Graphic depicting higher 30-day out-of-pocket cost (≥ $150) associated with a decreased likelihood of rifaximin retention.
Data derived from: Aby ES, et al. Hepatol Commun. 2023;doi:10.1097/HC9.0000000000000215.

They continued: “Although studies have demonstrated the impact of adherence on health care utilization and cost, no previous research has focused on the impact of [out-of-pocket (OOP)] cost on rifaximin medication adherence.”

In a retrospective cohort study, Aby and colleagues identified 6,839 patients (57.1% aged 55-64 years; 60.4% men) with cirrhosis and HE from the IBD MarketScan claims database. Of these, 4,274 patients were prescribed rifaximin between January 2011 and December 2021. Most patients (56%) underwent combined lactulose and rifaximin treatment while 6.5% received rifaximin alone.

Researchers used regression models to examine the relationship between 30-day OOP cost and retention (defined as ≥ 80 eligible days with rifaximin supply) at 180, 360 and 540 days. They selected $50, $50 to $150 and higher than $150 as cut-points to indicate low, medium and high OOP cost, which was the sum of associated co-pay, co-insurance and deductible.

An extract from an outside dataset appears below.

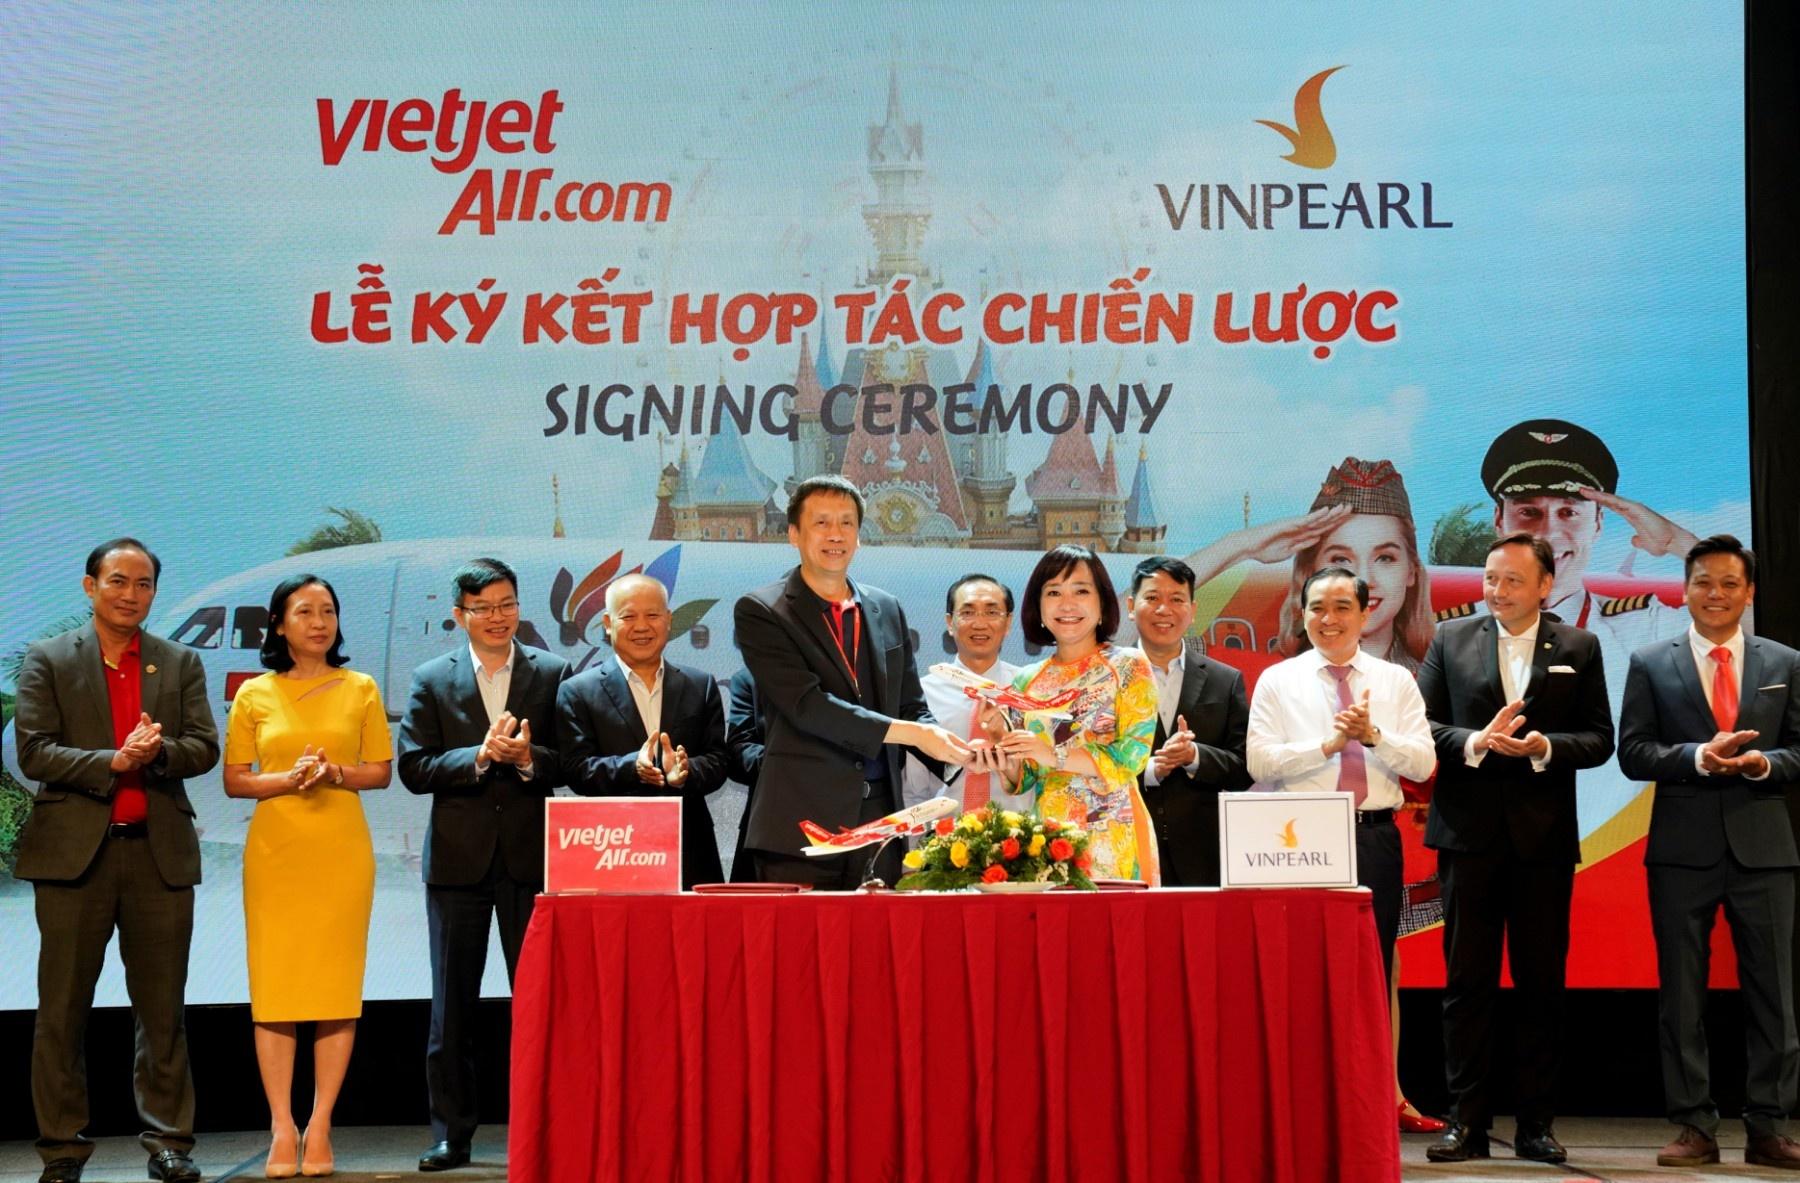 Vietjet anh 3  - Ky_ket_Vietjet_x_Vinpearl - Vietjet khai thác 10 đường bay thẳng đến Phú Quốc

Results revealed low treatment retention rates for rifaximin, which decreased with time from 42% at 180 days to 25% at 360 days and 16% at 540 days. Moreover, 30-day OOP costs of at least $150 were associated with a decreased likelihood of retention at each time point (RR = 0.67, RR = 0.62 and RR = 0.6, respectively). Researchers noted younger age also correlated with reduced retention at all time points.

Further, metastatic cancer (RR = 0.7; 95% CI, 0.52-0.93) and depression (RR = 0.87; 95% CI, 0.78-0.97) correlated with reduced retention during the first 180 days, while concomitant lactulose use (RR = 1.19; 95% CI, 1-1.4) correlated with increased retention during this time.

“In a commercially insured population, rates of rifaximin treatment retention are low and a high 30-day OOP cost (defined as ≥ $150) is associated with reduced rifaximin retention,” Aby and colleagues concluded. “Our research highlights the need for clinicians and policymakers to be aware of the impact of OOP costs on patients’ medication adherence and to take active measures to address this issue.”